Newsletter no.178, July 15th, 2021

The copy editing is done and dusted . . .

And soon it will be on its way to the printer . . . who will then run off a copy, which will be returned to me for proof-reading. And that’s when I find one or two things I’ve missed. Yes, it always happens. There are run-ons which have suddenly appeared in what had once been a clean page and, one of my failings – the same word has been repeated within a paragraph. You would think that I should have picked the duplicates up earlier, and I agree but, sigh, it does seem to happen every time. As for the run-ons, I can’t explain why they occur. They are not in the copy-editing stage but when it comes to proofs. . . yes, there they are, bold as brass. I tell myself, Onwards and Upwards, and am heartened to hear that the book – False Face by name – will be published in September.

The next short story . . .

for the Methodist Recorder is coming on a treat. It’s a difficult subject about personal responsibility in Covid times and I’m still working on it as we speak. I’ll let you know when it’s due to be published.

The story that comes with this letter is ‘Can You Forgive?’ Can you forgive a wrong done to you? Perhaps it depends on how much you are hurt by it? An elderly friend of mine who was a man of strong faith was ambushed in a park and beaten up. It took him months to recover and he found it very hard to forgive. In my story, Bruce is in the same position. You can read how he dealt with it here.

A star is born . . .

Everyone seems to love Parsley, my white pottery lamb, so you can see what he got up to in a different part of my garden here. He seems to enjoy the mixture of colours. It’s a bit hard to see but at the top in the background there is an old yellow rose. I have no idea what it’s called, but it was here when we moved into this house over fifty years ago, together with one other old-fashioned pink rose. There wasn’t much else in the garden then, except for self-seeded trees, a mound of bricks and a bicycle which lacked a saddle. Nowadays I try to have something in colour all the year round and mostly, that works.

And finally, I’m back to work on the next Ellie . . .

Of which, more news later.

A blessing on those who take the time to listen to those in distress.

Veronica Heley

Newsletter no.177, July 1st, 2021

Yes, the copy editing finally arrived.

And yes, of course, it has to be tackled straight away. I had to put on one side a most interesting development in the next Ellie which I’ve been drafting, in order to concentrate on ‘delete this’ and ‘you spell jeopardise with a “z” and not with an “s”, and you should know that by now!’ Also, ‘you haven’t made it clear who is related to who in this next bit.’ All of which is quite true, and I ought to know better. Checking the copy editor’s comments and marking them up on my own file is work that has to be carefully done. I can usually only manage to clear one chapter at a time before I have to have a break . . . and come back later for another crack at it.

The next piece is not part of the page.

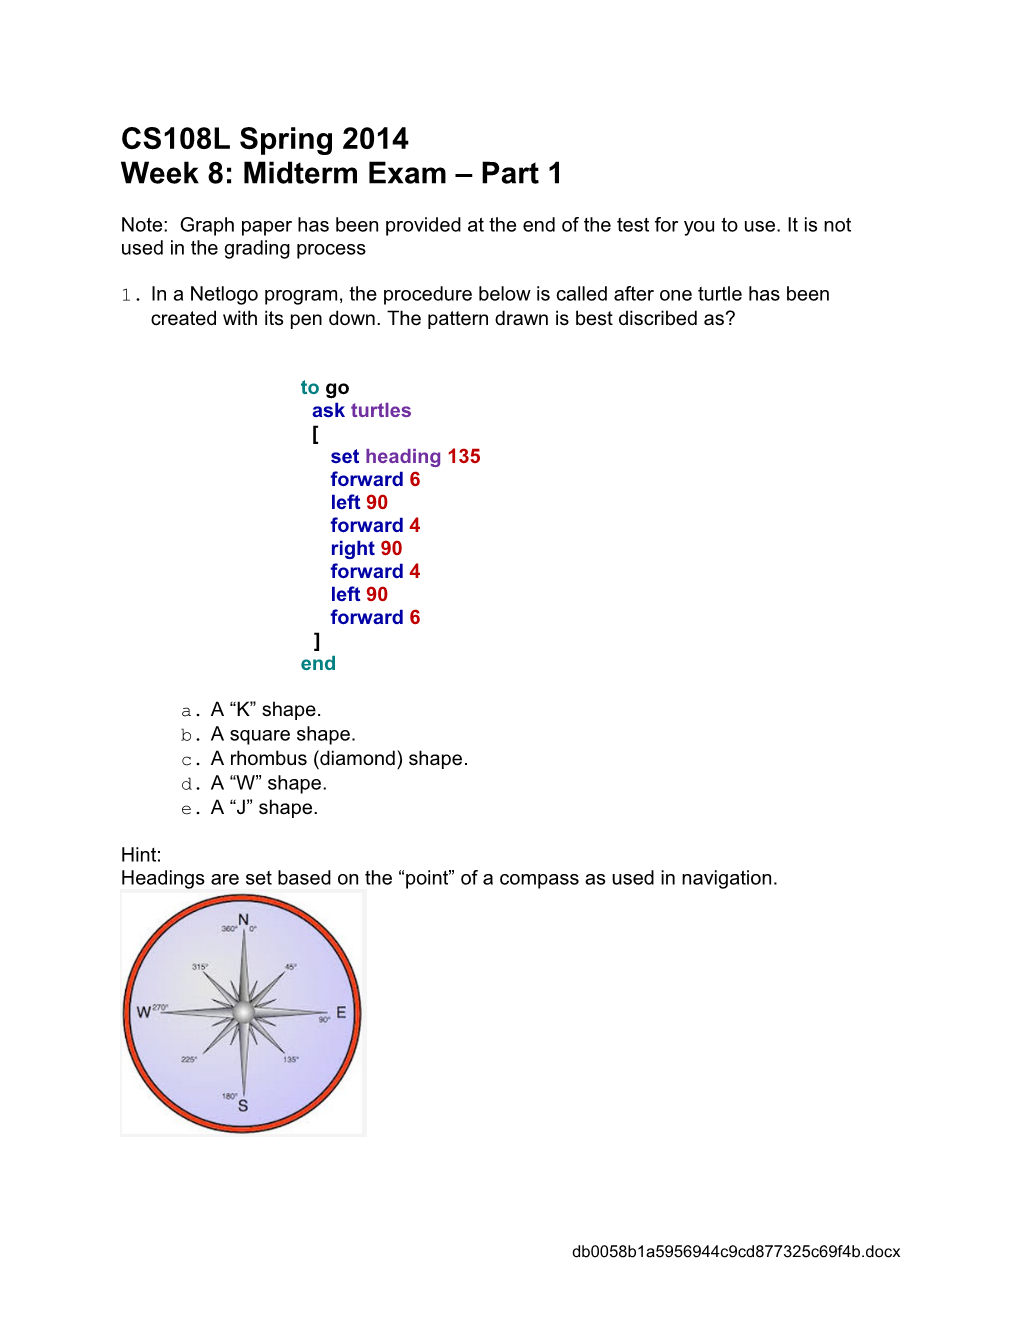 Week 8: Midterm Exam Part 1
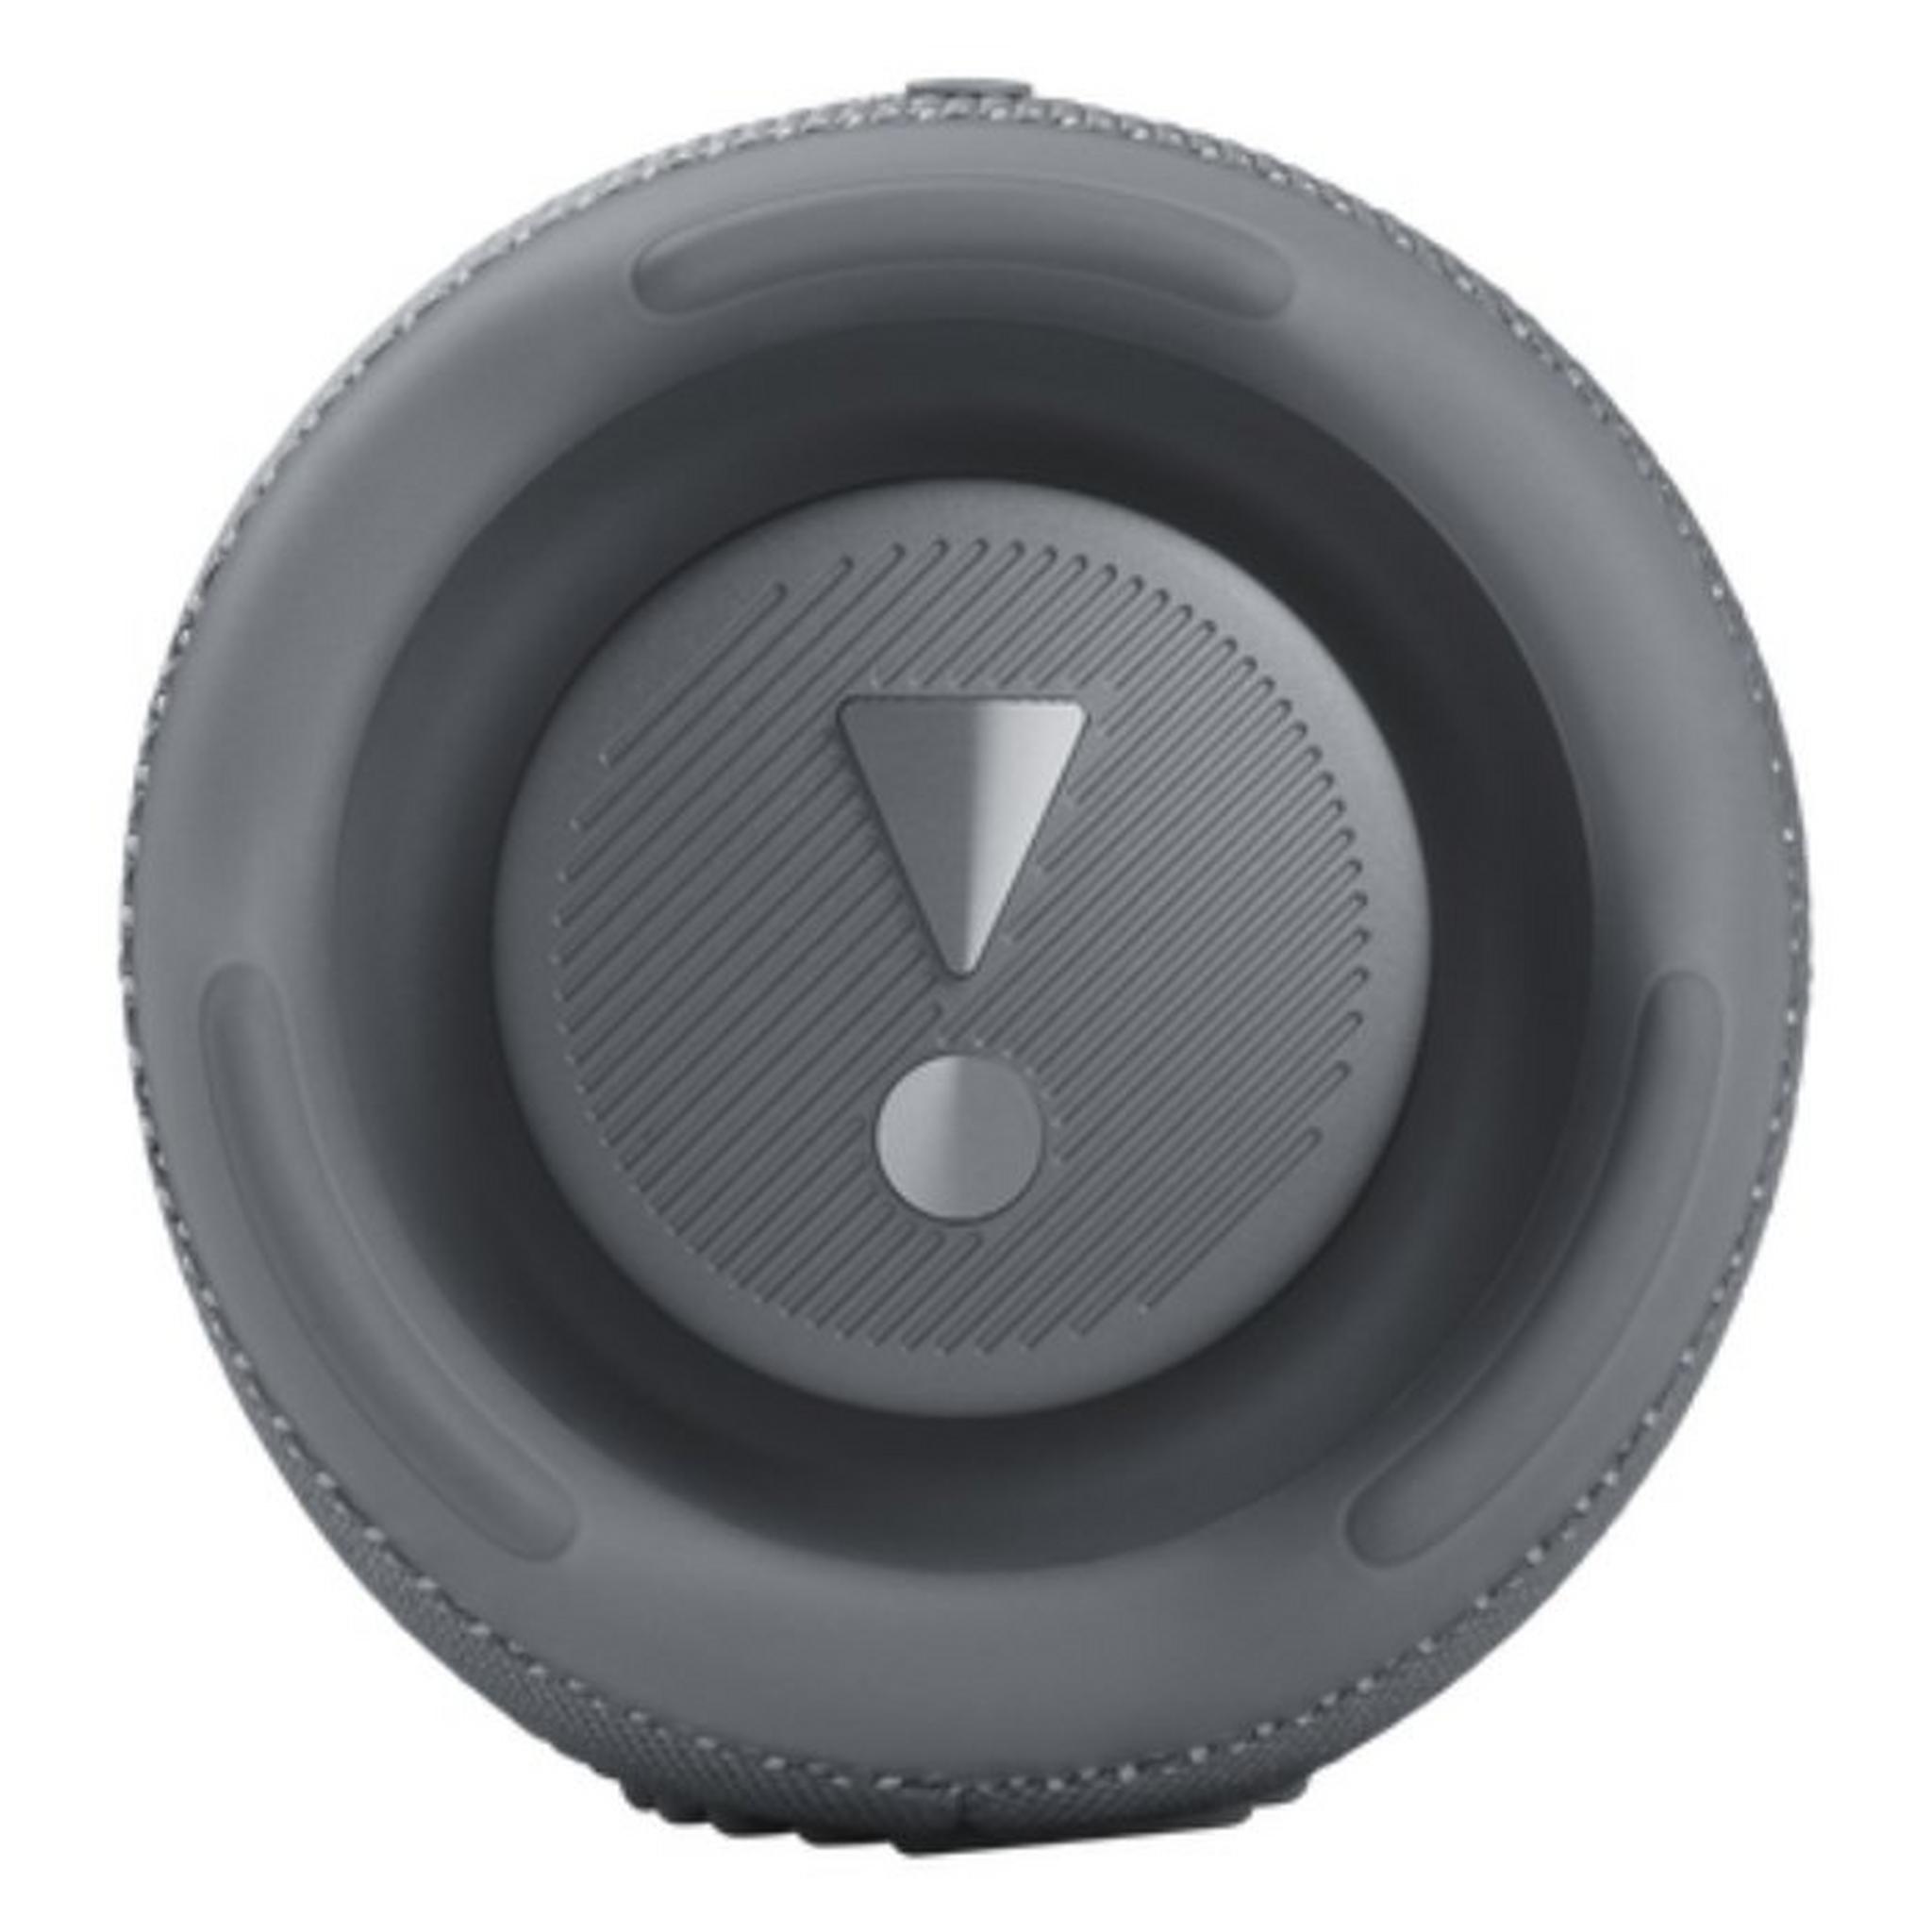 JBL Charge 5 Waterproof Wireless Speaker - Grey

Meanwhile, the next Ellie awaits. I had envisaged a minor character as being an eternal student, a Ra-ra character, if you know what I mean. It turns out he’s much more interesting than that, suffering from conflicting loyalties. It would have been so much easier to write if he’d been two-dimensional, but I must admit I like him better now. I hope to get back to him pretty soon.

Introducing ‘Parsley’

Parsley is a white pottery lamb, who is excellent company in my small garden. In my teens we had a Pekinese who also liked to see what I was doing in the garden, but nowadays I have Parsley instead. He has an innocent look about him which makes it all the odder that he seems able to move from one part of the garden to another at will. I’ve had some requests for more of my garden photos. Please excuse if he intrudes. You can access the latest one here. The white rose that he’s posting in front of, is called ‘Jack’ according to someone I know who has an app of her phone which tells you what you’re looking at. And yes, I have to replenish the bird feeder above Parsley nearly every day. And yes, the sparrows tear up everything on the ground below . . .

The short story which comes with this . . .

. . . is not exactly timely, being about gifts at Christmas. I hasten to add that it’s set some Christmases ago before the pandemic, but it does highlight the problem for people living alone of how to spend that great Festival. It’s a little shorter than usual but does make the point of ‘What is a gift?’ at Christmas time. You can access it here.

The Methodist Recorder have asked for another story about Covid for summer reading, and I am thinking of doing it about how the world seems to be down-grading the ten commandments. Nothing bad you do is a sin if you can find a way to excuse it. Some matters may be subject to the law and if you’re caught, you might well have to toe the line, but many other things are no longer considered a sin. This is a difficult subject. How to make a story which is readable and yet also true to today’s thinking . . .?

A blessing on those who bake and give away a cake, a crumble or a flan to brighten up someone else’s day.